SAN ANTONIO — If anybody thought the working class is splintering under the American right wing’s battering ram, they could take heart from the convention of the Labor Council for Latin American Advancement (LCLAA), which concluded here Aug. 5.

The bonds of solidarity barred every conceivable division: between men vs. women, Latinos vs. other nationalities, unionized vs. unorganized, public workers vs. private, AFL-CIO vs. Change to Win, citizens vs. immigrants, craft unions vs. industrial unions, old vs. young, and gay vs. straight.

Milton Rosado, the group’s president, said Latinos comprise about 13 percent of the U.S. workforce, and that percentage is increasing. He cited a growing list of worker grievances, with stagnant wages at the top of the list.

“We cannot afford to be blind to attacks on the civil rights of workers,” Rosado said. “LCLAA is the most effective defense that the workers have.” He stressed the need for immediate coordinated action: “Mañana is too late!”

With 1.7 million members, this union-led civil rights organization is one of the country’s largest Latino organizations. Speakers and panelists came from all aspects of union and civil rights struggles.

Rosa Rosales, president of the League of United Latin American Citizens, pledged to work side by side with LCLAA.

Both of America’s labor federations were strongly represented among the delegates and on the podium. Dolores Huerta, a co-founder of the United Farm Workers of America, played a prominent role in the proceedings.

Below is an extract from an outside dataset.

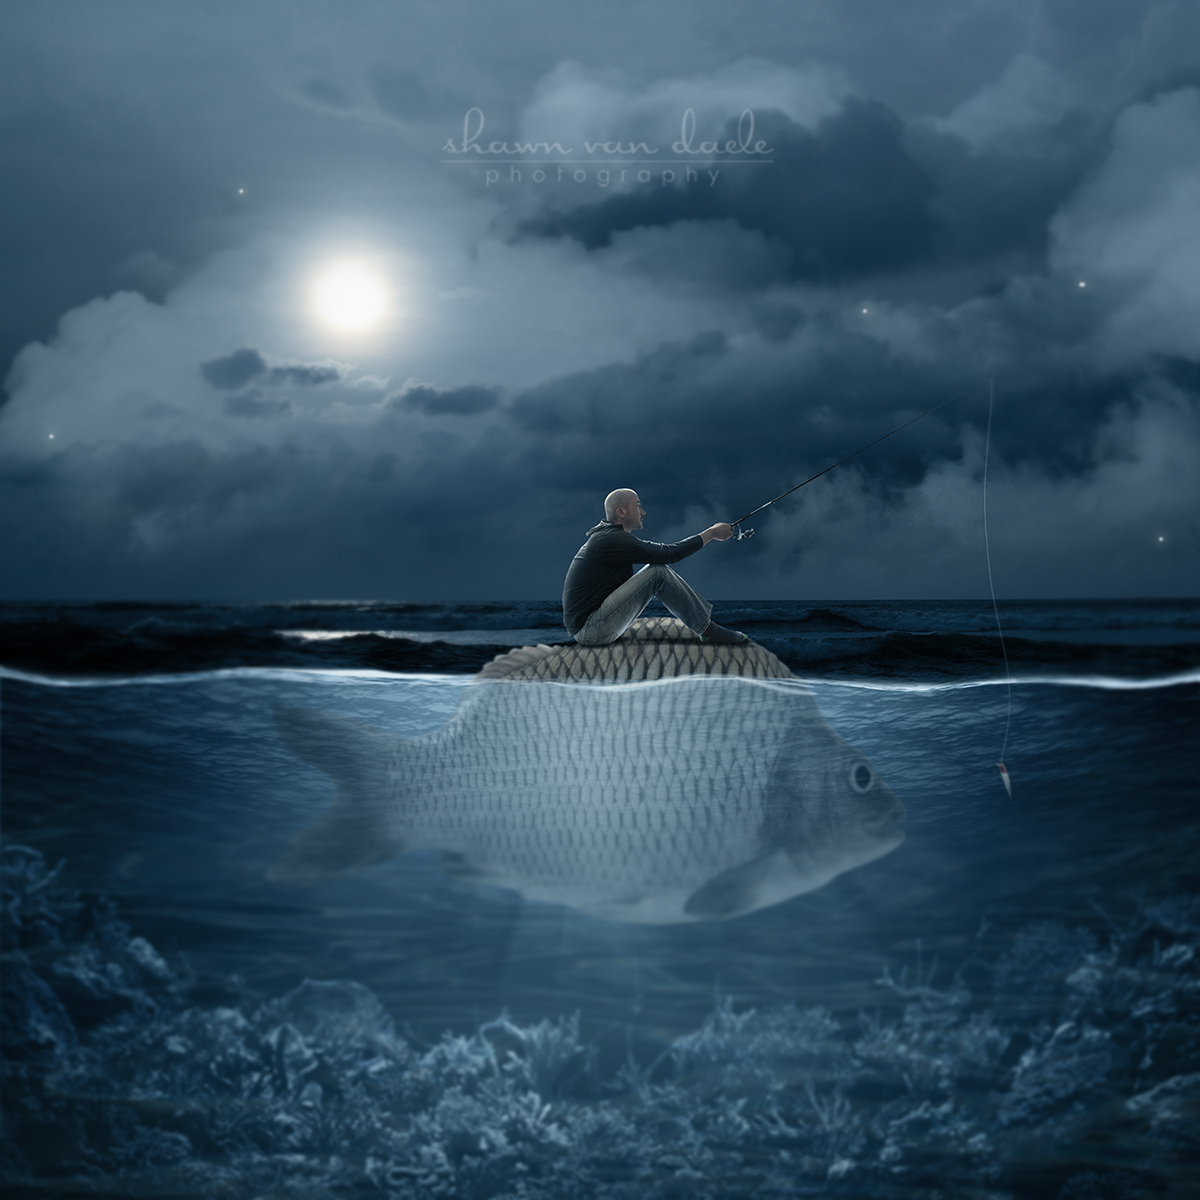 11.10.13-FishingForMemories_flate_FB.jpg

Virtually all of the speeches explicitly rejected the current efforts by Congress and the Bush administration to degrade and criminalize immigrants. A special “Town Hall meeting” was devoted to standing in solidarity with non-citizens working in this country.

Rep. Sheila Jackson Lee of Houston denounced Republicans for unethical maneuvers on the immigration issue. She said that, instead of honest parliamentary procedure, “the Republicans called for the biggest road show of false truths that you can imagine.” She said the current hearings being held around the country are “encouraging Americans to come out and show the worst of their sides.” She branded them “hearings that are contracted and contrived.”

Steve Saldana of Catholic Charities stated flatly that he and other religious leaders would go to jail if HR 4437, the Sensenbrenner bill that passed the House last December, becomes the law of the land. The bill would criminalize the undocumented as well as anybody who helps them.

AFL-CIO Executive Vice President Linda Chavez-Thompson explained the reason behind the right-wing assault: “Immigrant workers are the ones that we need to be organizing, because they are the most growing segment of the workforce in America. The reason behind Sensenbrenner and the Senate proposals is to keep us from organizing!”

The convention passed 41 resolutions that extended solidarity, from local organizing drives to international questions such as opposing military aid to Colombia and calling for a recount in the Mexican elections.

LCLAA delegates studied America’s problems of education, organizing and how to win the upcoming elections. A special emphasis on action was underlined by a militant picket line with San Antonio’s postal workers. Four regional immigrant rights demonstrations were announced for early September.